"EnTerr" wrote:"TheEndless" wrote:
I think you may have it backwards. I suspect that the issue is not with the XML parsing, but rather with the roListScreen's ability (or lack of) to display unicode characters. If the XML was parsing incorrectly, then it wouldn't display correctly on any screen.
Nope, TheEndless -
I don't have it backwards: see on top where i said "it comes as ASC(mid(s, .., 1))=8226 on fw5 and as 3 chars with ASC( )=-30, -128, -94 on fw3 (which seems to be the UTF8 encoding of U+2022: E2 80 A2)" - meaning that if you look at the string in BS console, character-by-character - on fw3 you get THREE characters: chr(&hE2), chr(&h80) and chr(&hA2) instead of one, the bullet. You can check that E2 is â and A3 is ¢. The result of reading and parsing the URL is that the strings differ. No, really.
"EnTerr" wrote:
Nope, TheEndless -
I don't have it backwards: see on top where i said "it comes as ASC(mid(s, .., 1))=8226 on fw5 and as 3 chars with ASC( )=-30, -128, -94 on fw3 (which seems to be the UTF8 encoding of U+2022: E2 80 A2)" - meaning that if you look at the string in BS console, character-by-character - on fw3 you get THREE characters: chr(&hE2), chr(&h80) and chr(&hA2) instead of one, the bullet. You can check that E2 is â and A3 is ¢. The result of reading and parsing the URL is that the strings differ. No, really.

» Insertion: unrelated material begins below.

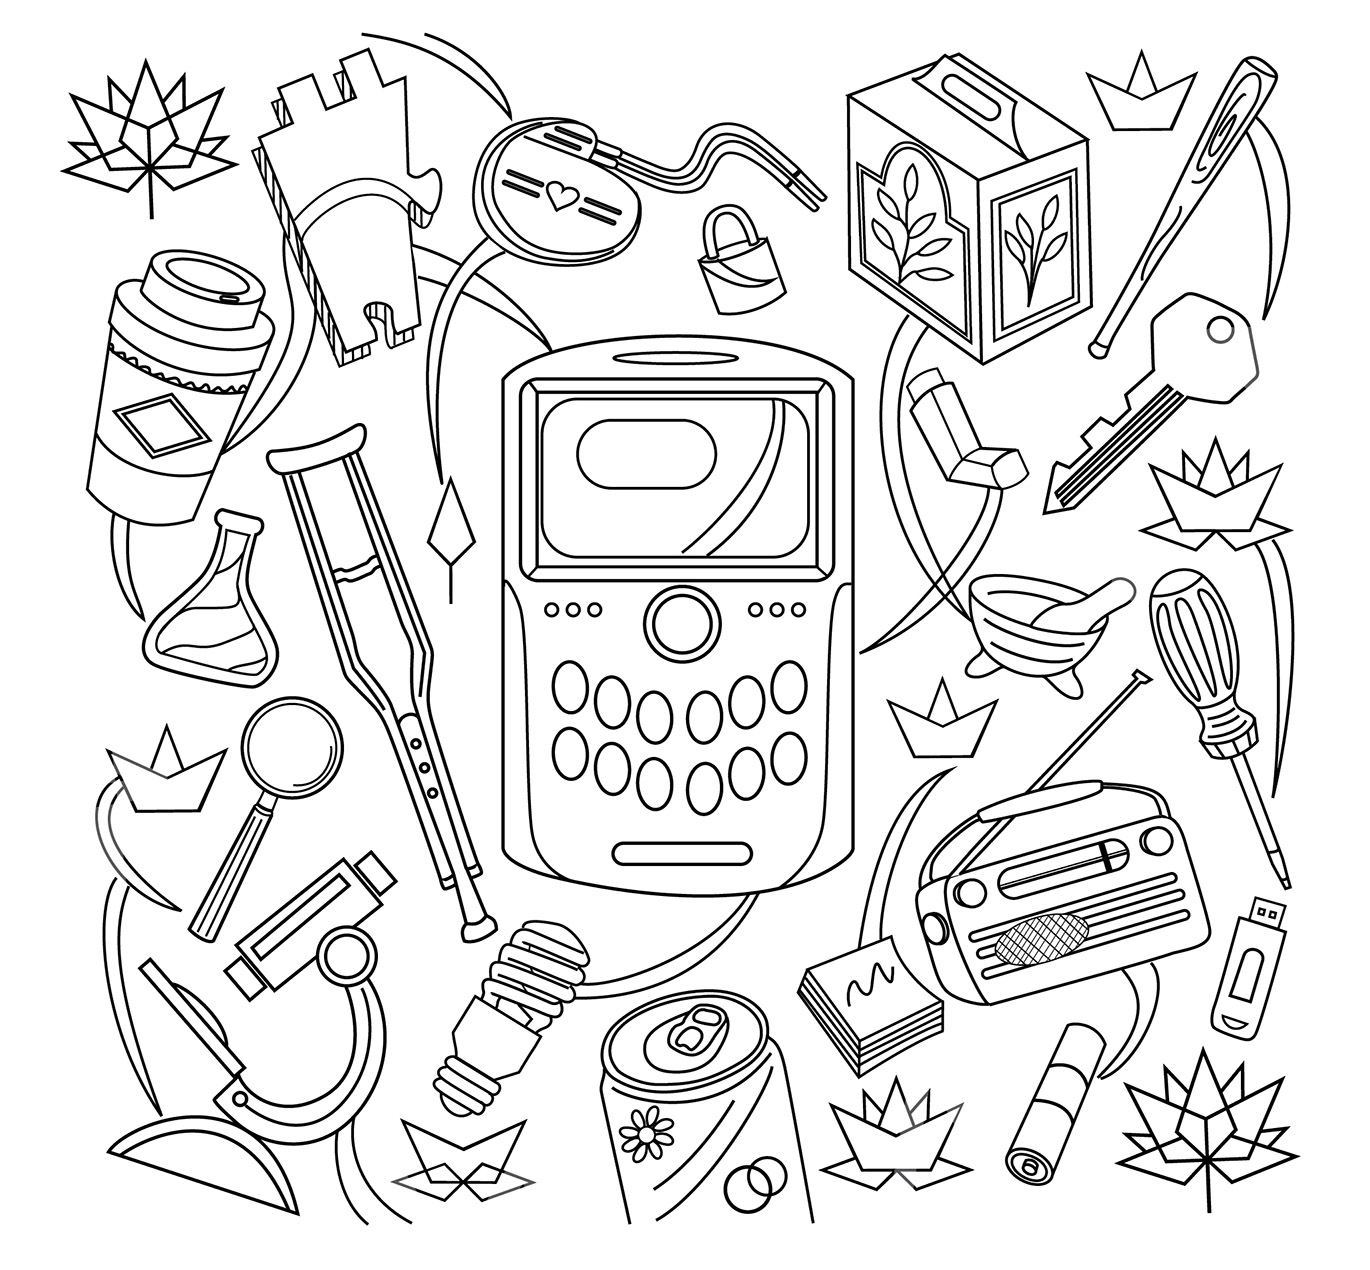 Colouring page featuring sample items that could be subject matter for patent registration and a description of patents.
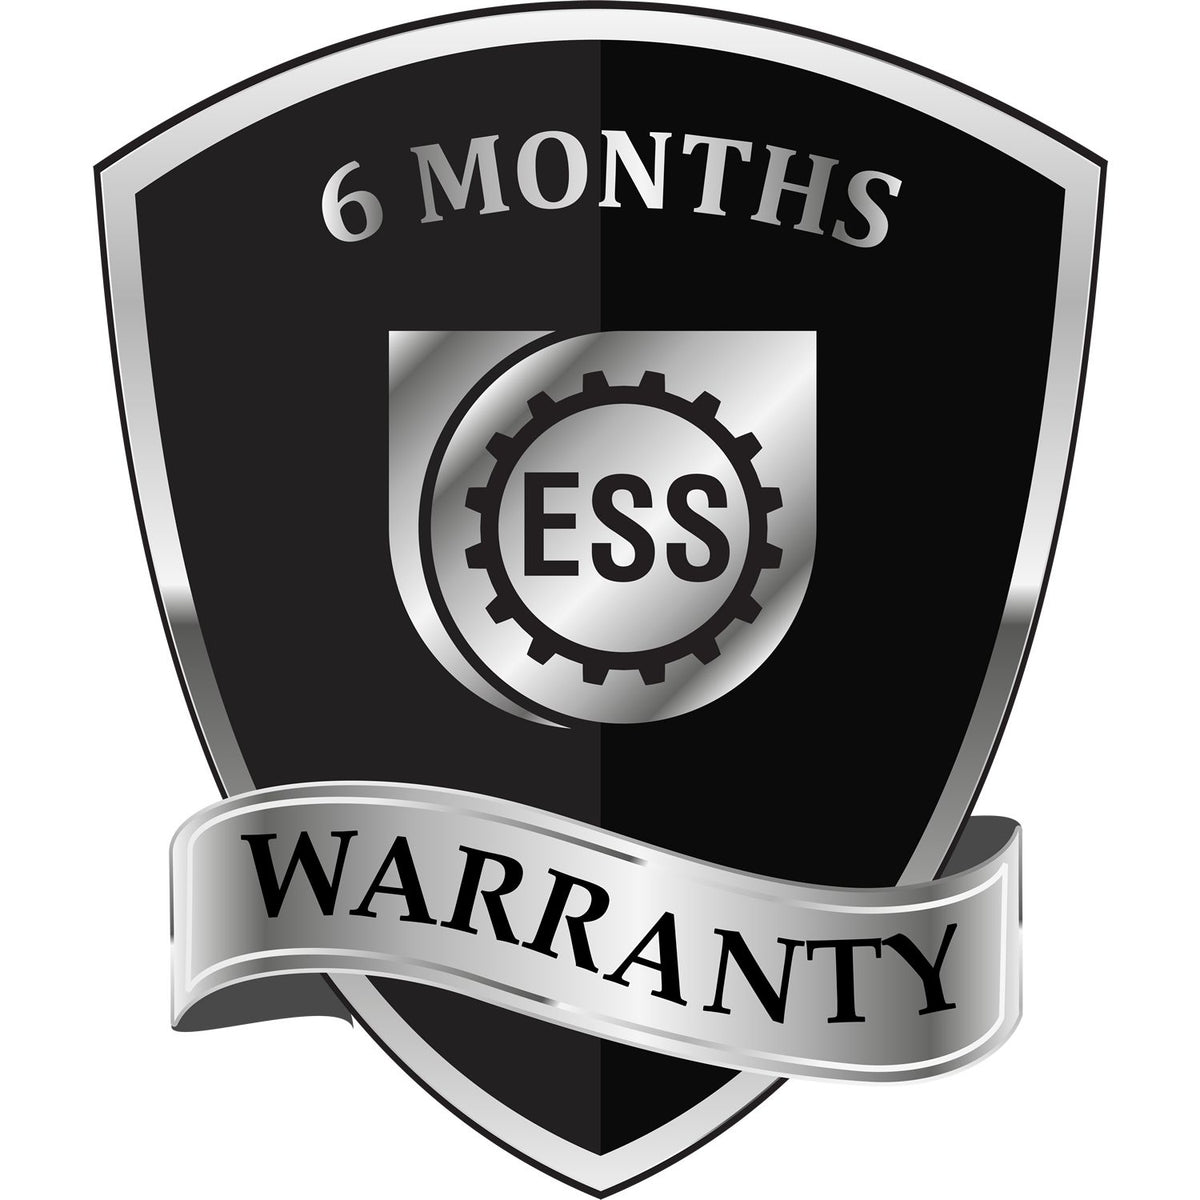 A badge or emblem showing a warranty icon for the Louisiana Professional Engineer Seal Stamp

xml = CreateObject ("roXMLElement")
xml.Parse (xmlWTFData)
ba = CreateObject ("roByteArray")
ba.FromAsciiString (xml.whatever.GetText ())
?ba
?ba.ToHexString ()
"TheEndless" wrote:
I still don't think it's the XML parser, but rather a general 3.1 issue, possibly with the roString component. See greubel's post here (which you, incidentally, participated in): viewtopic.php?f=34&t=66183&p=423559#p423559
Also, FWIW, printing to the console is not a valid way to test the result. Obviously, counting the chars is valid, but the output in the console isn't, as I regularly see unicode characters "print" completely differently in the console, while working fine everywhere in app.
"belltown" wrote:
If you'd done what I'd suggested above (use an roByteArray instead of Asc, Chr, etc.), you'd see that you do indeed have it backwards.
"destruk" wrote:
Does Roku support WTF-8 encoding? 😉
"belltown" wrote:
The bullet character (U+2022) is a single "character" that occupies 2 "bytes" whether stored in a file, or a Brightscript string or byte array, or used to determine which glyph from the appropriate font to display on the screen. So the statement "there shouldn't be UTF-8 remaining after a file has been read" doesn't make any sense. How else would you represent a 2-byte character?
"belltown" wrote:
Taking a wild guess here, I'd say that internally at some level, Roku/Brightscript stores strings in a UTF-16 encoding. That's probably the easiest way of handling multibyte encodings such as UTF-8 if you're providing functions such as Len, Mid, etc. that need to know about character indices vs byte indices -- provided, of course, that you don't support character sets outside of the Unicode basic multilingual plane, which as far as I can tell the Roku does not (it just seems to ignore them). It might explain why in later firmware versions, Asc returns 8226; it's the 16-bit UTF-16/UCS-2 encoded value for the BULLET (U+2022) code-point. Earlier firmware probably just iterated through each byte when using Mid/Asc, which is why you'd see 3 separate bytes when looking at a multi-byte UTF-8 string.
When those strings get passed to Roku components that display them on the screen, it shouldn't matter how Roku stores them internally; it should convert as necessary -- unless there is a WTF bug as there appears to be in the 3.1 roListScreen component specifically.